_Dataset section_
************
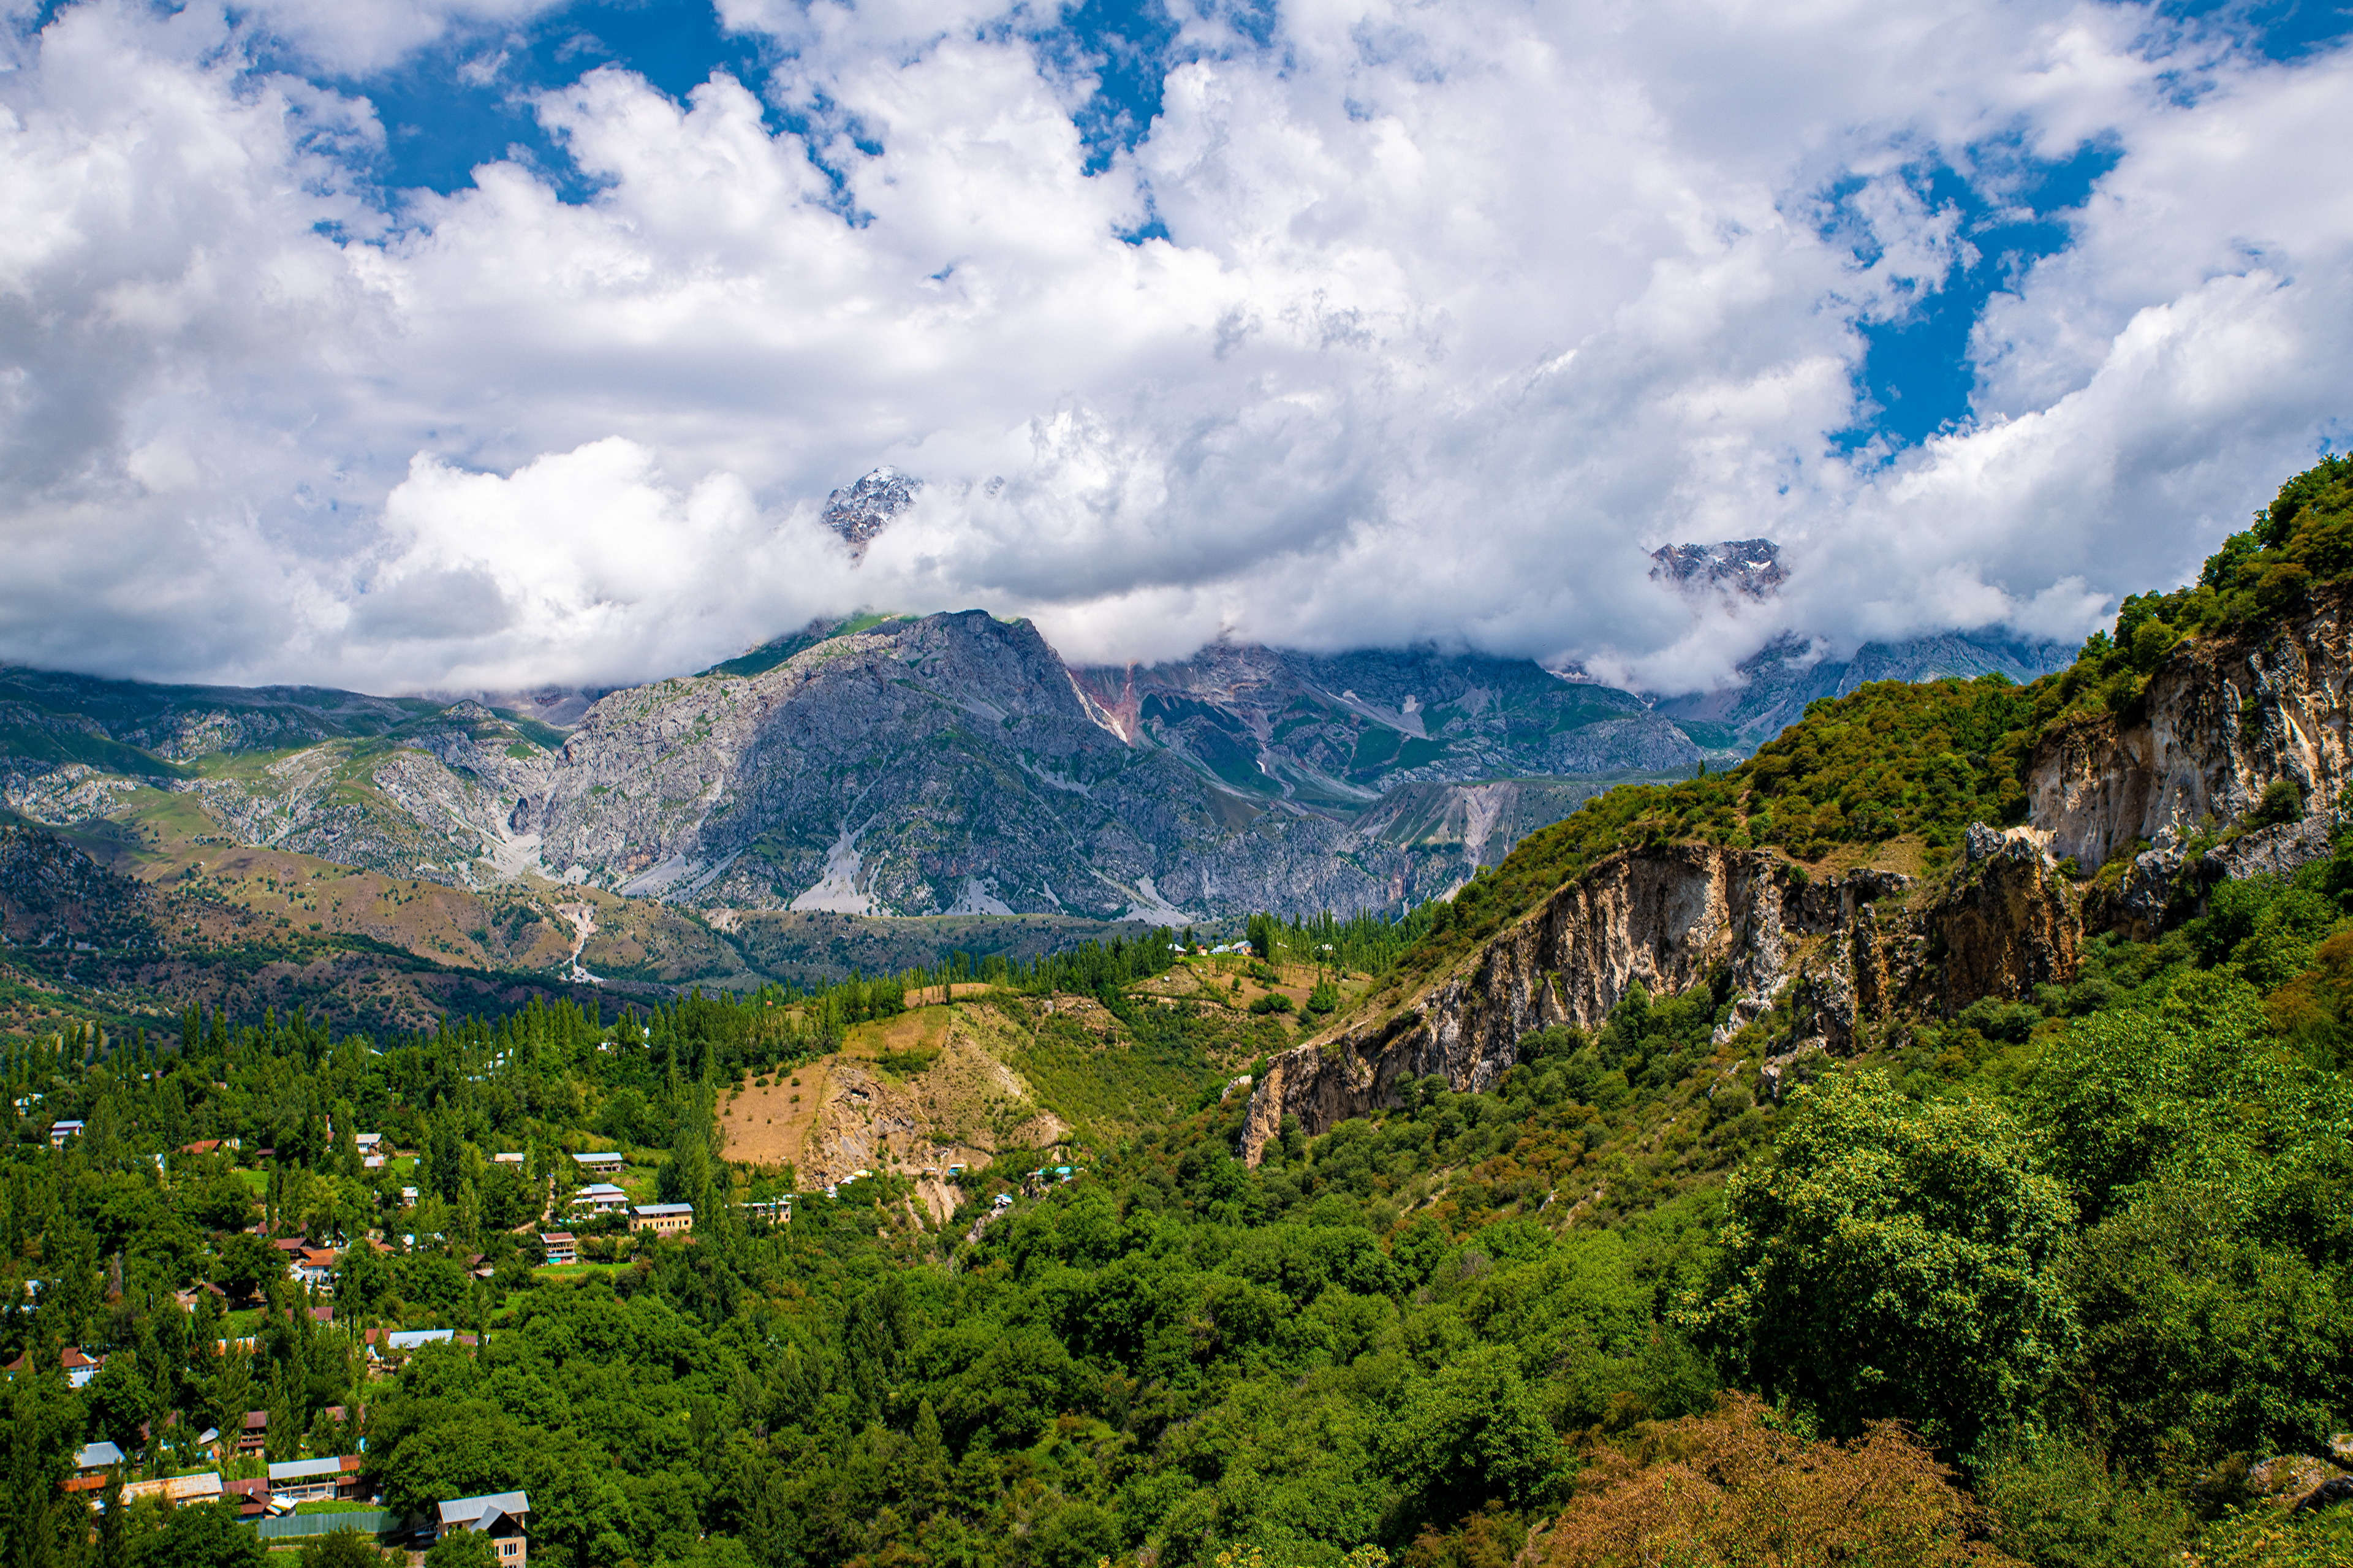 Fotos Arslanbob, Kyrgyzstan Natur Gebirge Wolke 3840x2560 Berg
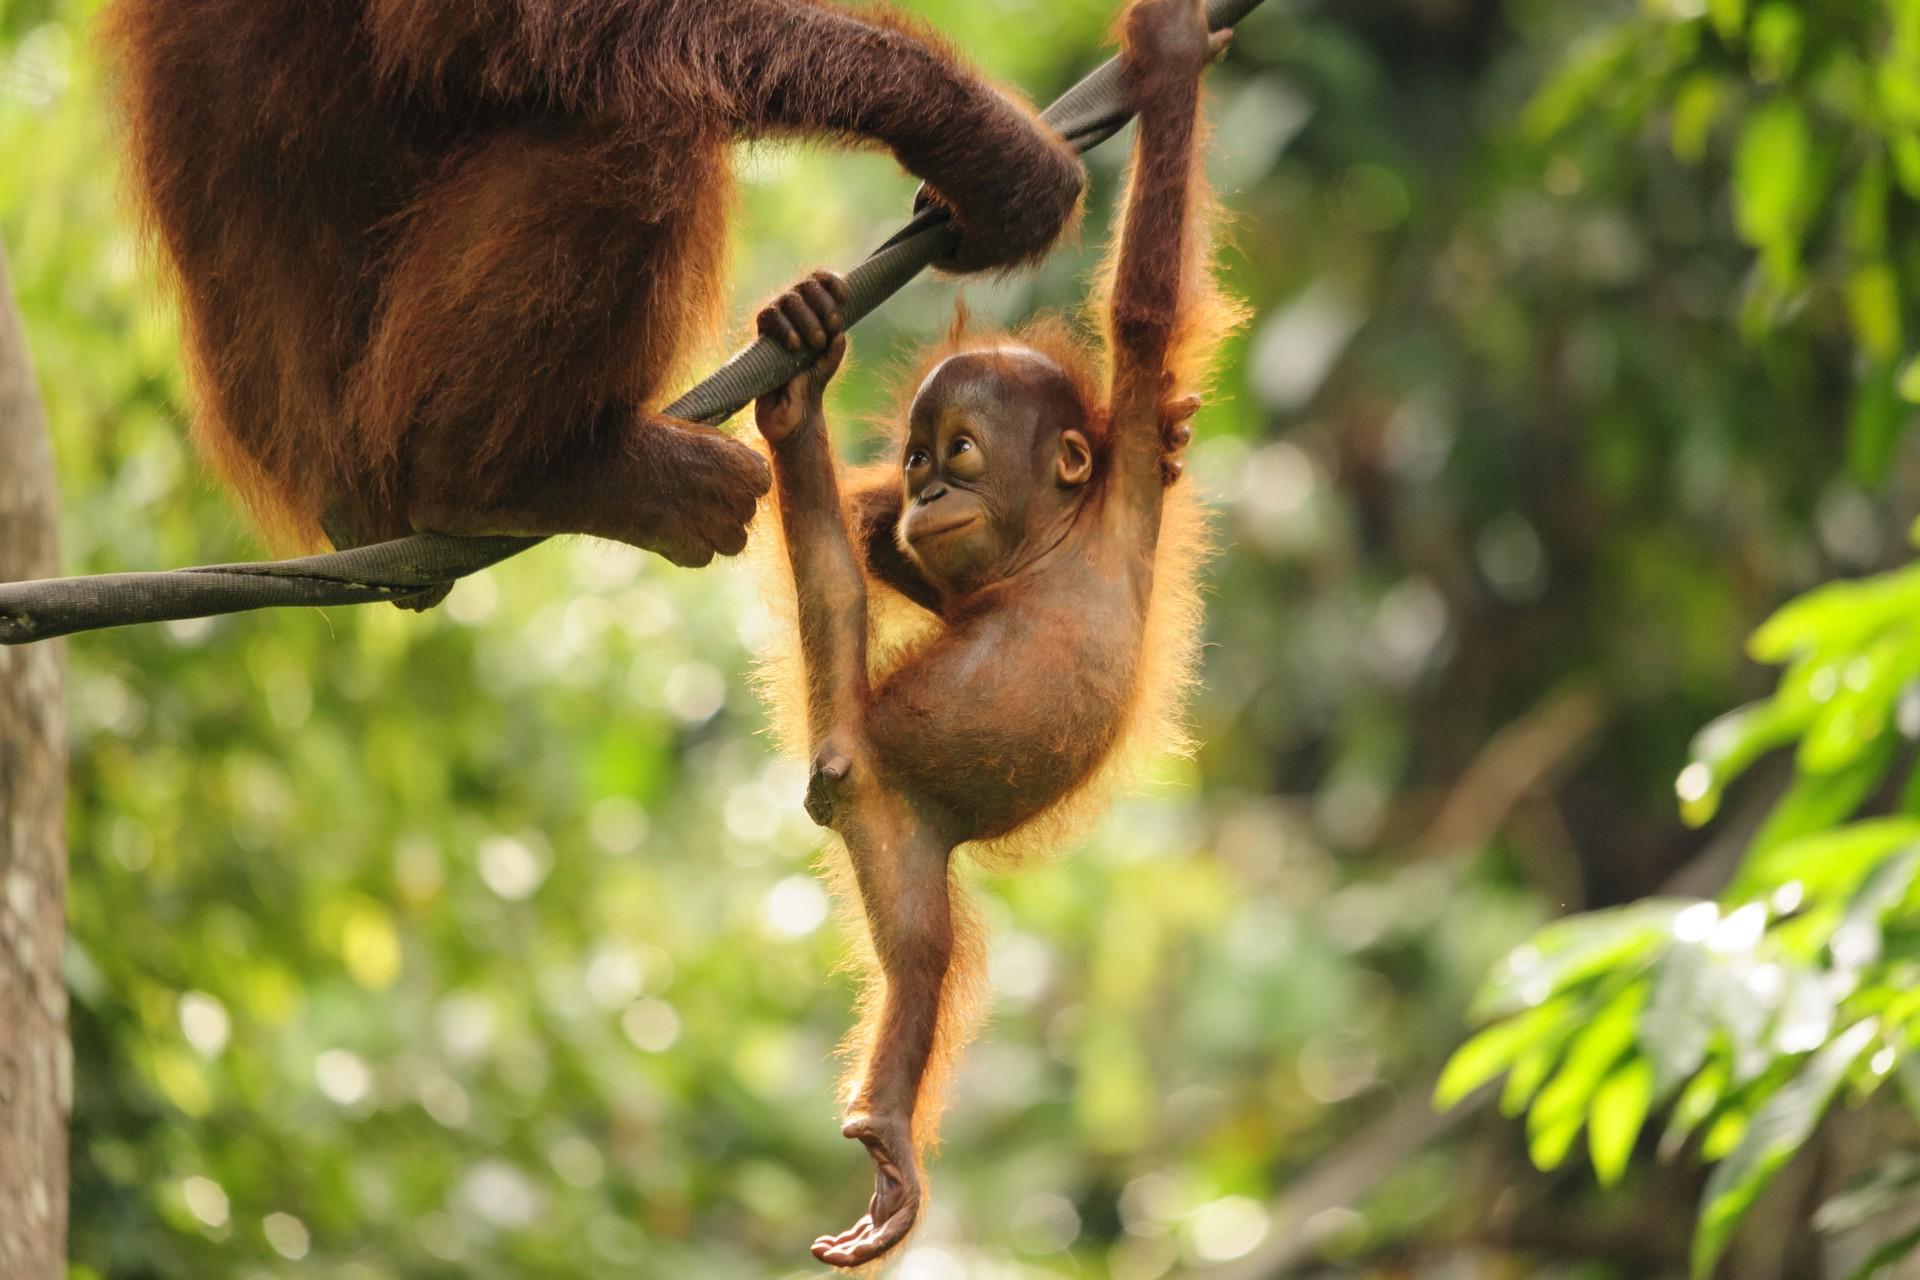 Baby orangutan playing in Borneo
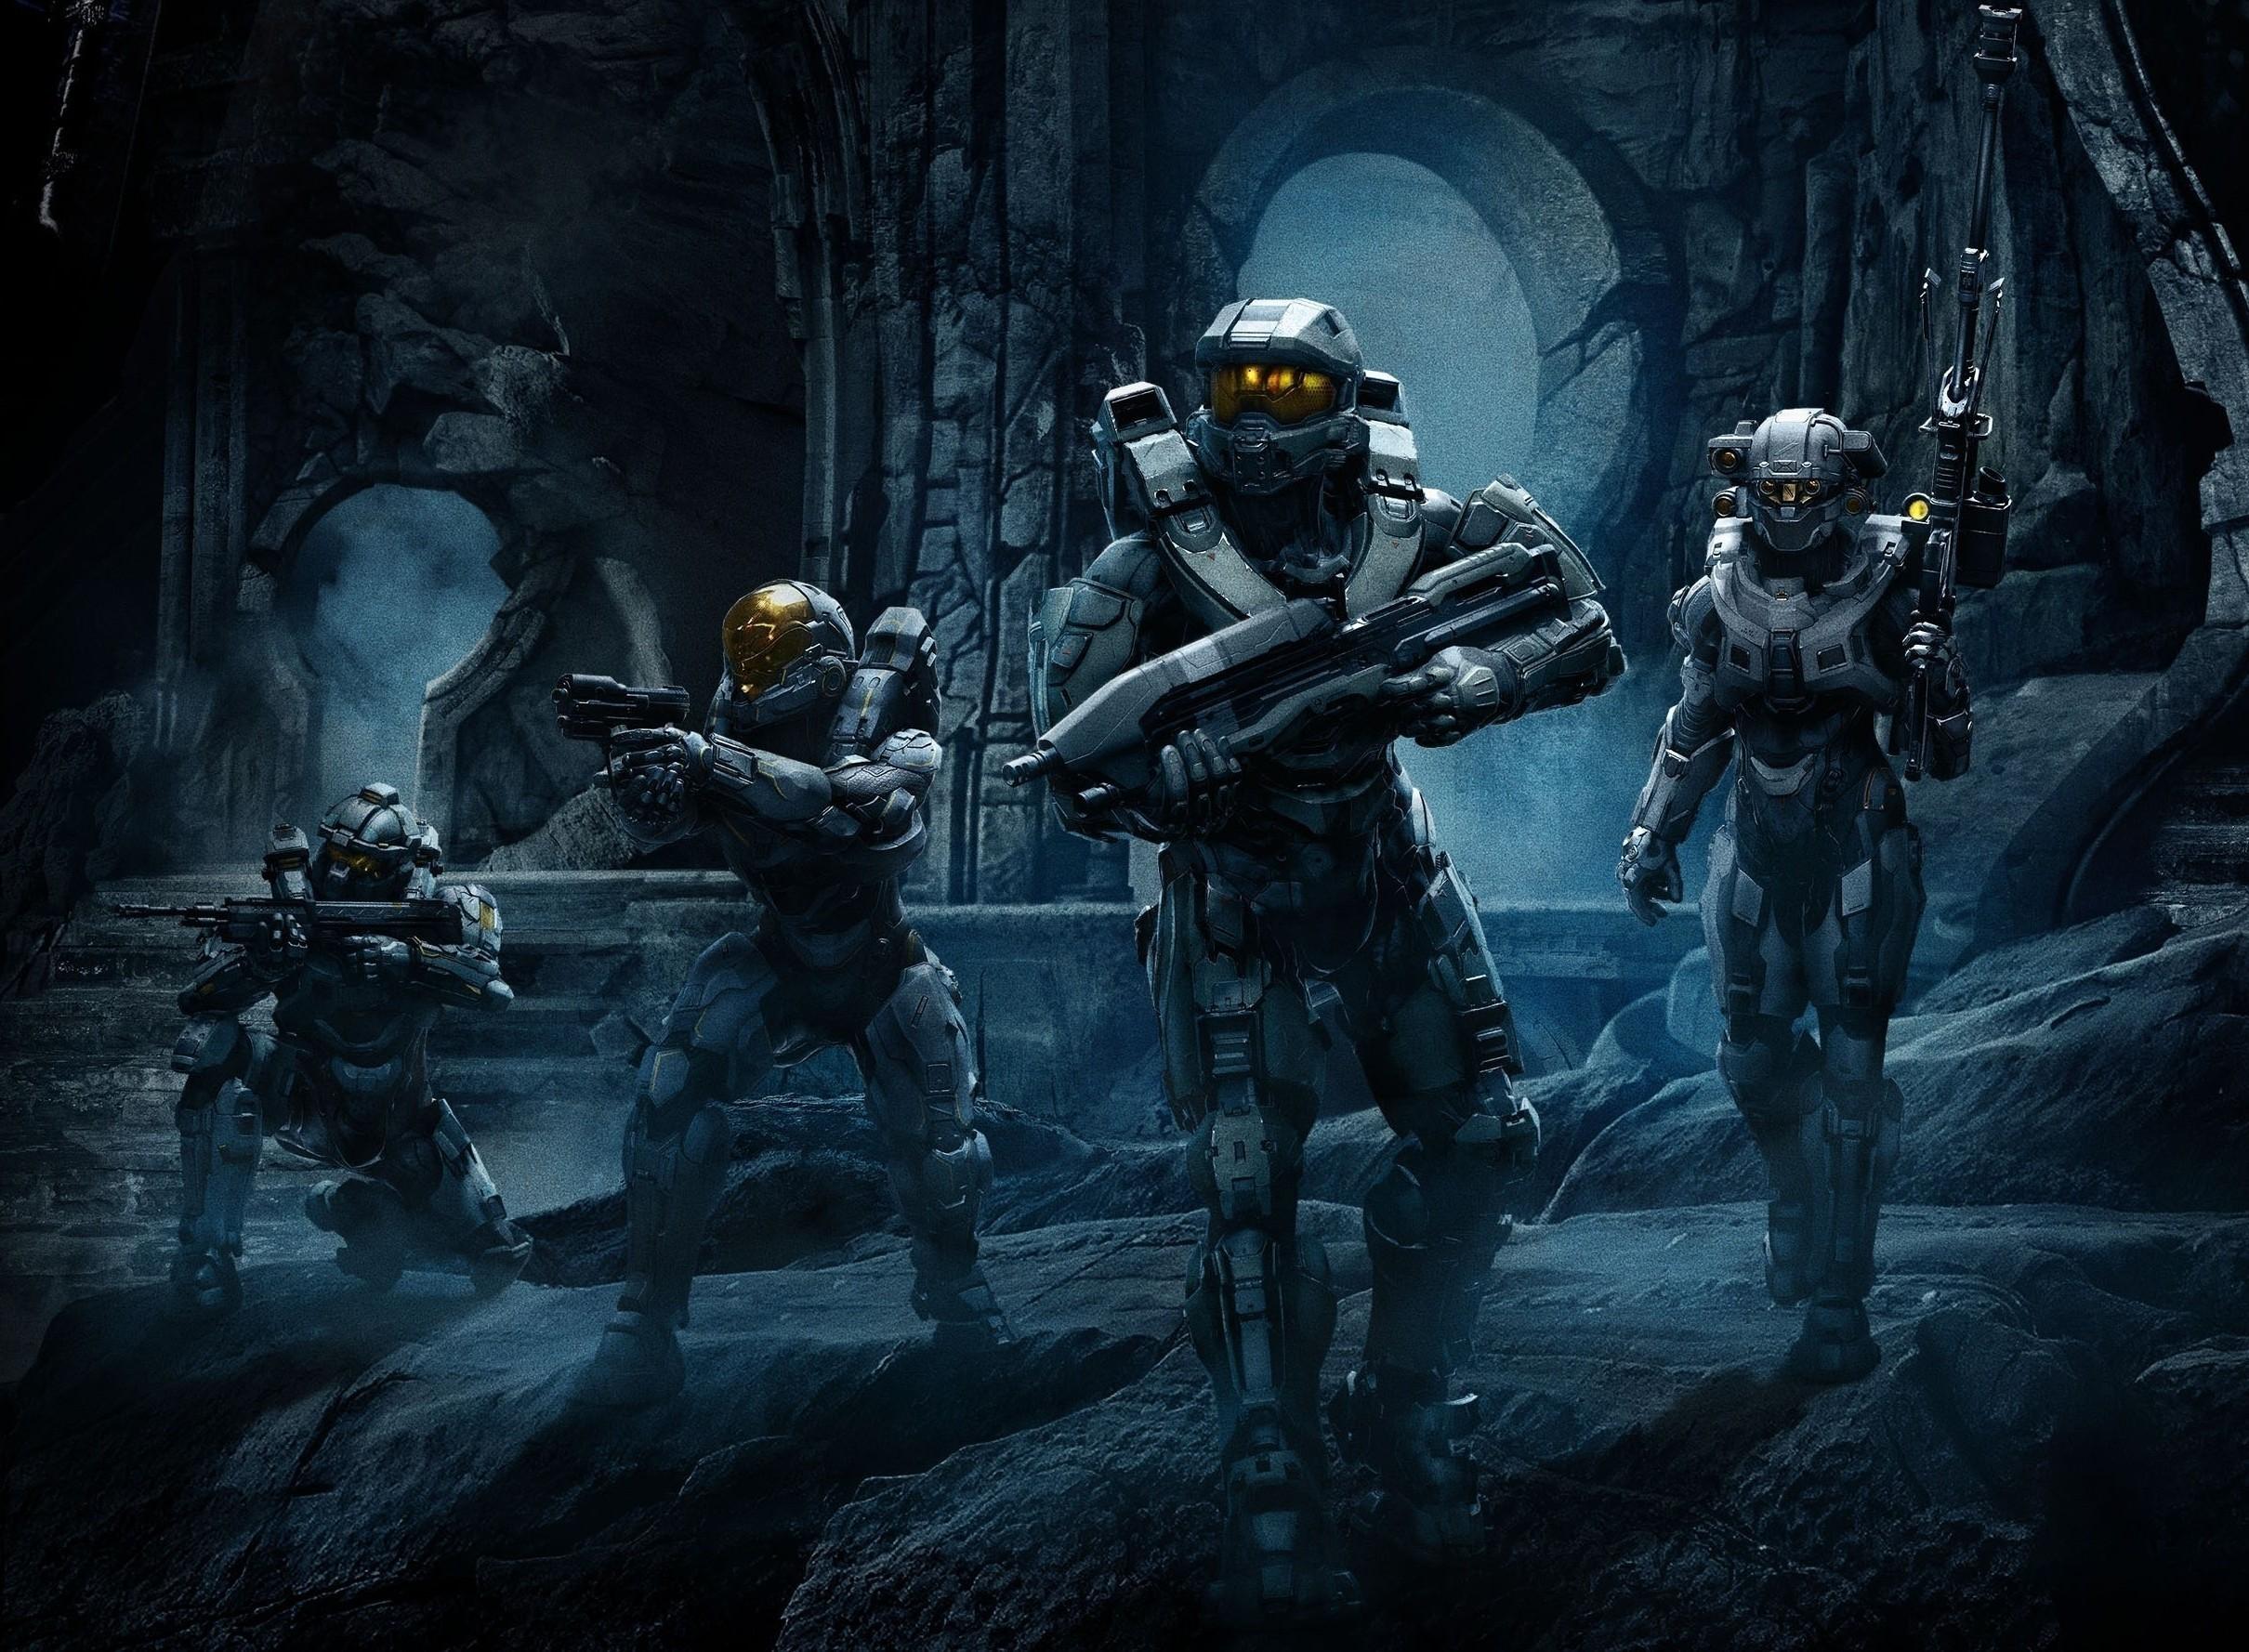 Halo 5 Blue Team Wallpaper 76 Images
************
Please restate exactly the lines from the one containing "Baby orangutan playing in Borneo" down to the end of the material, both ends kept, and do not include the pictures.

 Baby orangutan playing in Borneo
 Halo 5 Blue Team Wallpaper 76 Images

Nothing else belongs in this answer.